The stylized architecture is depicted below 

![Architecture](images/parser_diagram.png)

While the full code is found in the file [model.py](tree_parser/model.py) 

The system is trained with an Adam optimizer using 5e-5 as step size. 

The two transformer layers seem to add stability to training: without the the system ends up stuck in a local minimum after a few epochs.

## Dataset and results

The system is trained on the UG dataset [en_gum-ud](https://universaldependencies.org/treebanks/en_gum/index.html)

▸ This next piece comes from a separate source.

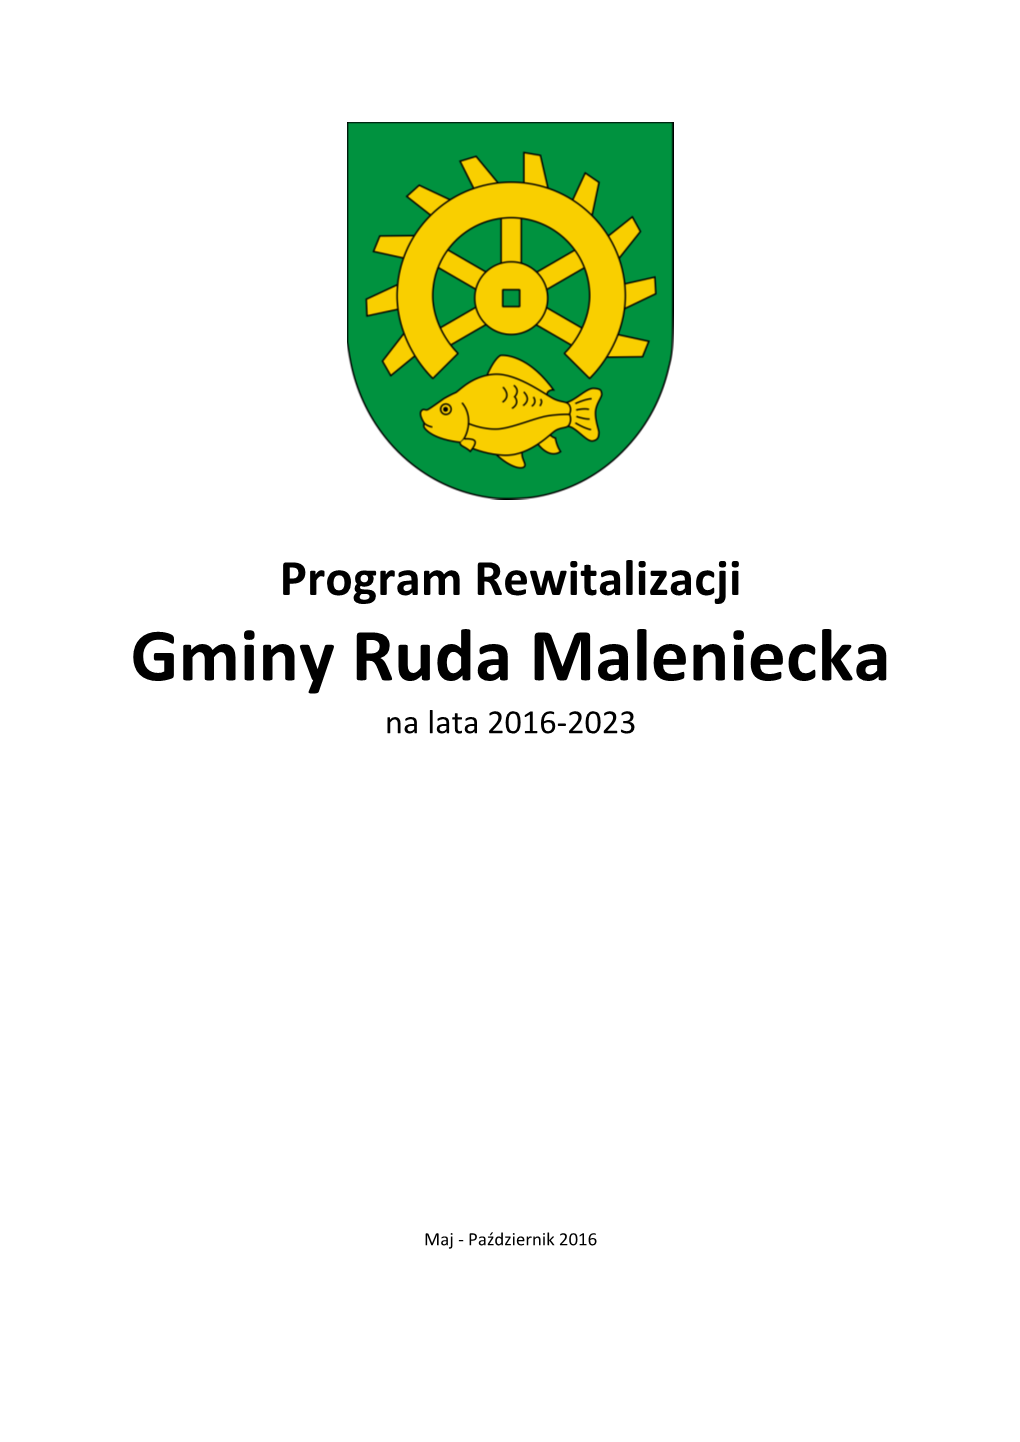 Programem Rewitalizacji Gminy Ruda Maleniecka Na Lata 2016-2023
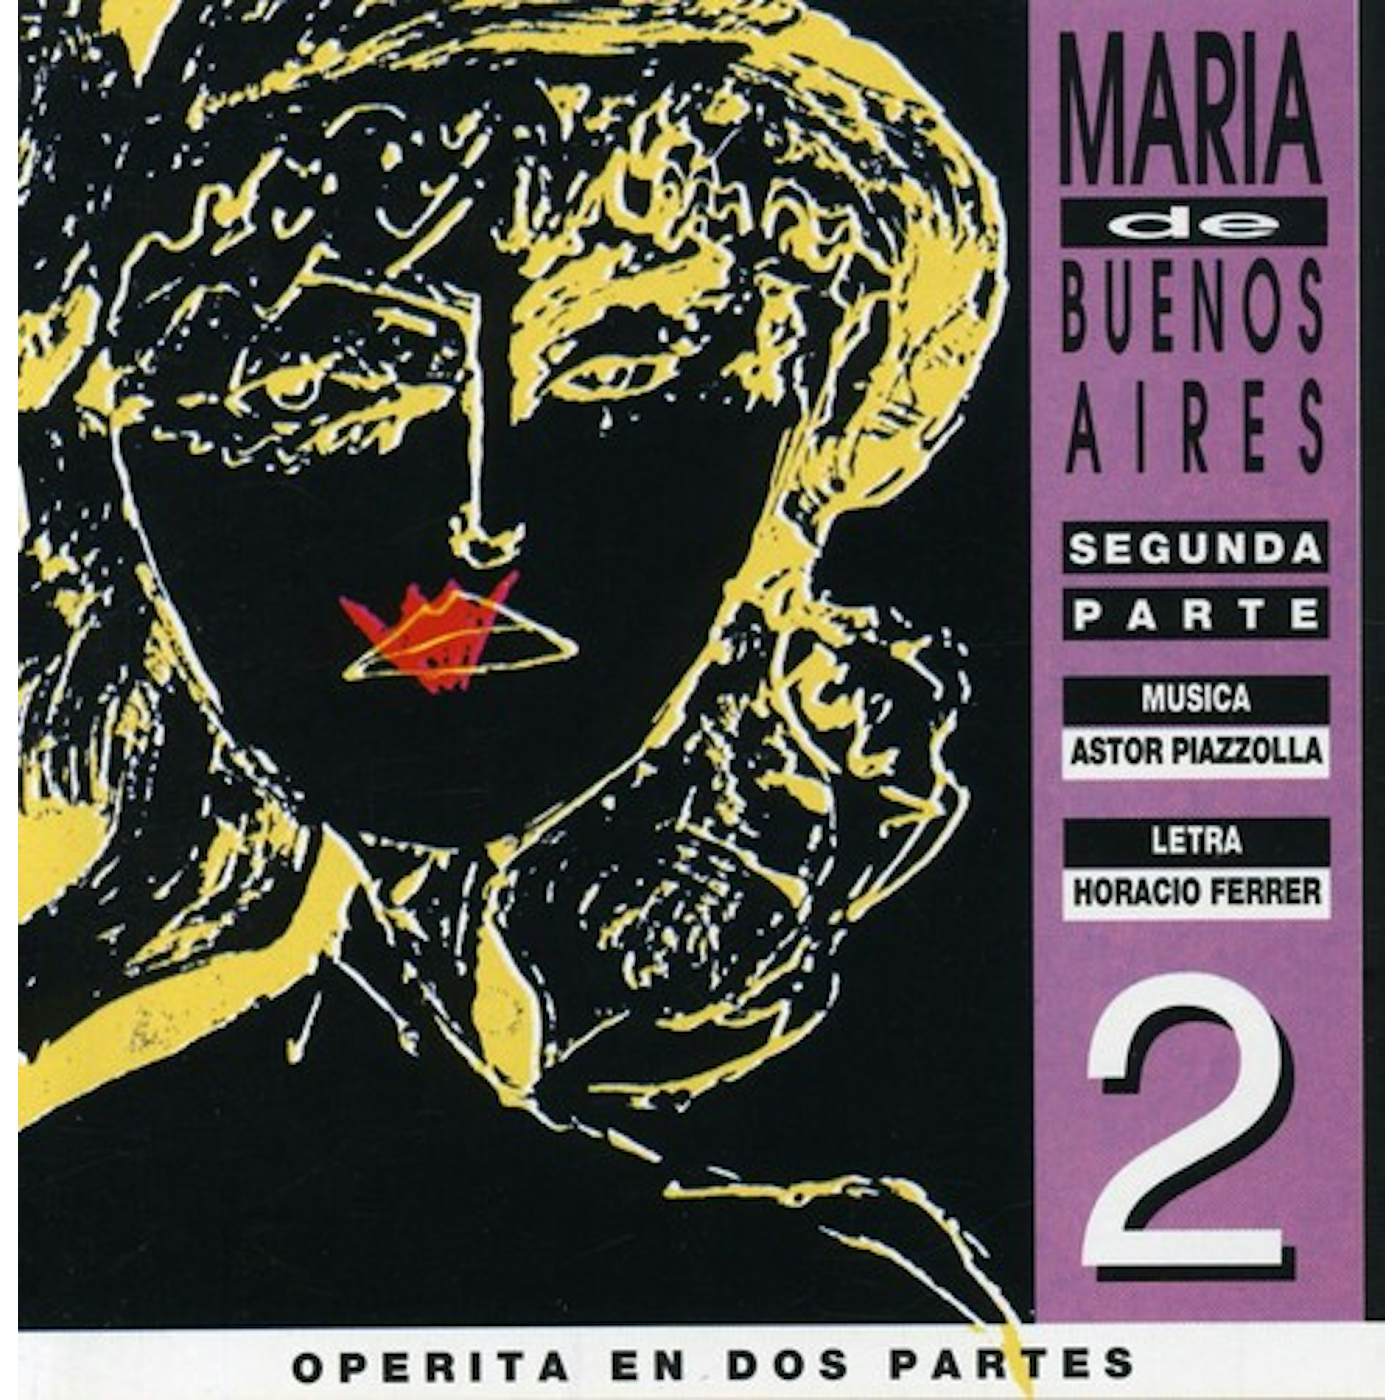 Astor Piazzolla MARIA DE BUENOS AIRES II CD

The results of the system are quite good. A comparison with a non BERT-based method can be found in the excellent paper   [Nguyen and Vespoor](https://www.aclweb.org/anthology/K18-2008/):

Bert seems to add 6% points in UAS and 7 in LAS. 

Curiously the POS score is increased by only 1 percentage point.   

| Set | UAS | LAS | POS |

|:---:|:---:|:---:|:---:|

| Dev | 0.91| 0.88| 0.96|

| Test| 0.9 | 0.87| 0.95|

# Comments 

A pretrained BERT language model seems to be improving upon LSTM based training. By quite a lot!